Understand The Customer Journey
Planning also means understanding what visitors need before they contact the business. A visitor may want to know whether the company works in their area, whether a service fits their situation, what the process looks like, whether support is available after launch or what makes the business credible. Those questions should shape the page content.
Good planning keeps the site focused on real buying behaviour. It connects the homepage, service pages, about page, case studies, FAQs and contact routes into one journey. This is where website design for businesses becomes more than layout work; it becomes a clearer route from interest to enquiry.
Map The Pages And Content
A useful plan includes a practical sitemap. That does not need to be complicated, but it should show the pages that need to exist at launch and the pages that may follow later. Core services should normally have dedicated pages, especially where search visibility and clear explanation matter.
The plan should also identify content responsibilities. Who is providing images? Who is writing or approving copy? Which services need more explanation? Which existing pages should be kept, rewritten or redirected? Answering those questions early avoids delays later in the project.
Build In Search Engine Optimization Foundations Early
Planning is one of the best times to think about search engine optimization. Search engine optimization should not be bolted on after design if the website needs to perform in search. Page topics, URLs, headings, internal links and content depth all benefit from early thought.
For example, if a business wants to be found for website redesigns, WordPress websites or local services, those pages need a place in the structure. Planning helps avoid one broad page trying to rank for everything and explain everything at once.
Decide What Success Looks Like
The plan should define how success will be judged after launch. That might include form enquiries, phone calls, service page engagement, visibility for relevant searches, clearer sales conversations or more useful traffic from social channels. The right measures depend on the business, but they should be agreed before build decisions are made.
This does not mean every result will be instant. It means the project has a sensible way to review whether the website is doing its job. Planning creates the baseline for future improvement, whether that improvement comes through content, speed and performance, Search Engine Optimization or social media campaigns.
What Kendall Digital Looks For
Kendall Digital uses the planning phase to understand services, customers, goals, existing website issues and the wider online presence.

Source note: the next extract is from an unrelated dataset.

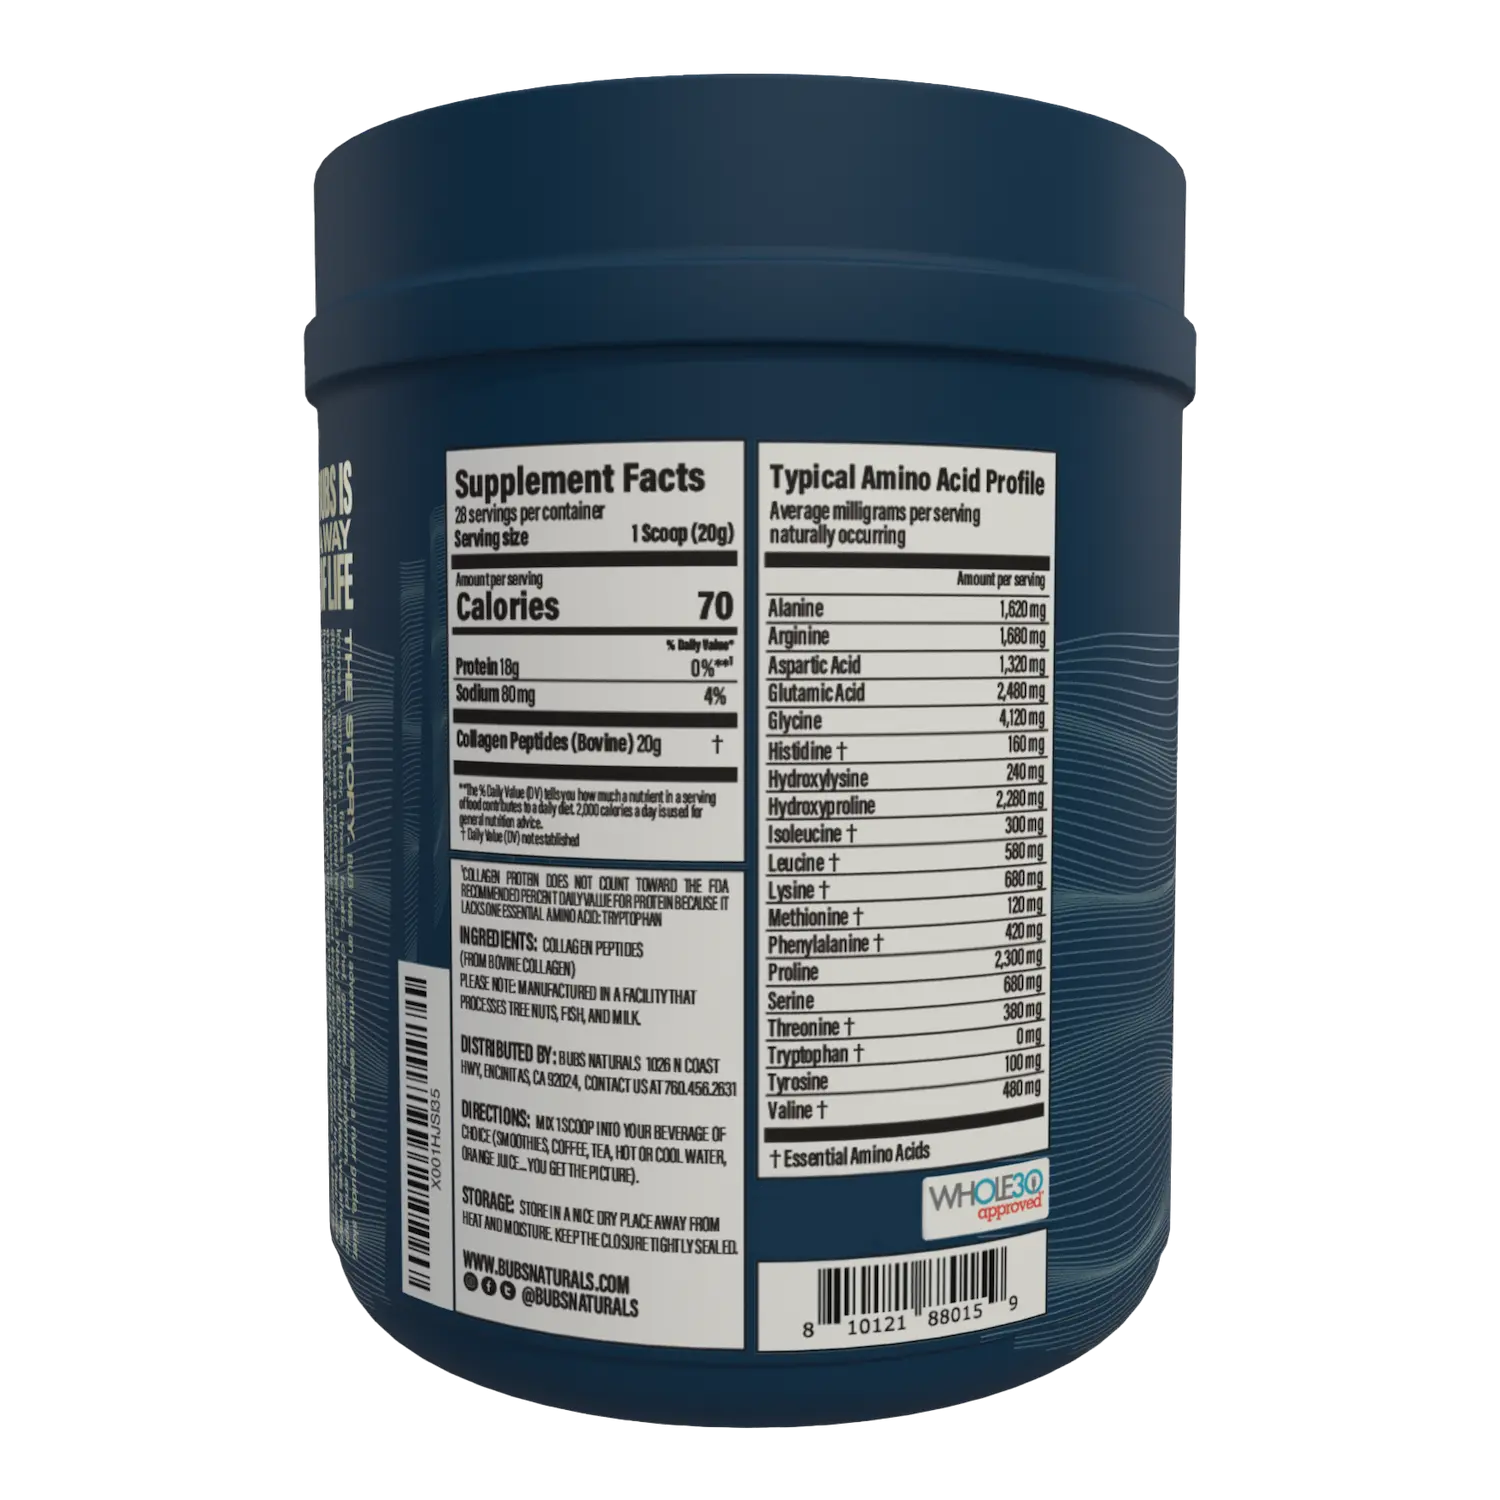 BUBS Naturals Collagen Peptides Label - The Essential Bundle

The aim is not to create a bloated strategy document. The aim is to make the project easier to deliver and more useful once it is live.
A strong plan keeps the website practical. It helps the design stay focused, the build stay clean and the launch stay organised. Most importantly, it gives the finished website a better chance of helping the right people understand the business and get in touch.
Common Planning Mistakes To Avoid
One common mistake is treating planning as a formality and moving straight into design. That usually creates problems later because pages, content and calls to action have not been agreed properly. Another mistake is copying a competitor's structure without asking whether it matches your services, customers or sales process.
Planning should also avoid creating unnecessary pages just because they seem useful in theory. Every page needs a job. If a page does not help customers understand the business, support search visibility or move someone towards an enquiry, it should be questioned before it becomes part of the build.
How Planning Helps The Rest Of The Project
A clear plan makes design faster because the designer knows what each page needs to communicate. It makes build work cleaner because the developer has a structure to follow. It makes launch easier because forms, redirects, metadata and content checks can be measured against the agreed sitemap.
Planning also helps future marketing. A website that has clear service pages and useful content areas is easier to support with social media management, future articles, Google Business Profile activity and local search engine optimization work. The site becomes a stronger base rather than a one-off design exercise.
Questions Worth Answering In The Planning Phase
Useful planning questions include: which services matter most commercially, which enquiries are most valuable, which areas or sectors should be highlighted, what proof is available, what questions do customers ask before buying, and what content already exists that can be improved rather than replaced?
It is also worth deciding who will approve content and how feedback will be handled. Website projects slow down when everyone has a view but no one owns the decision. A simple approval route keeps the project moving and helps the finished site stay focused.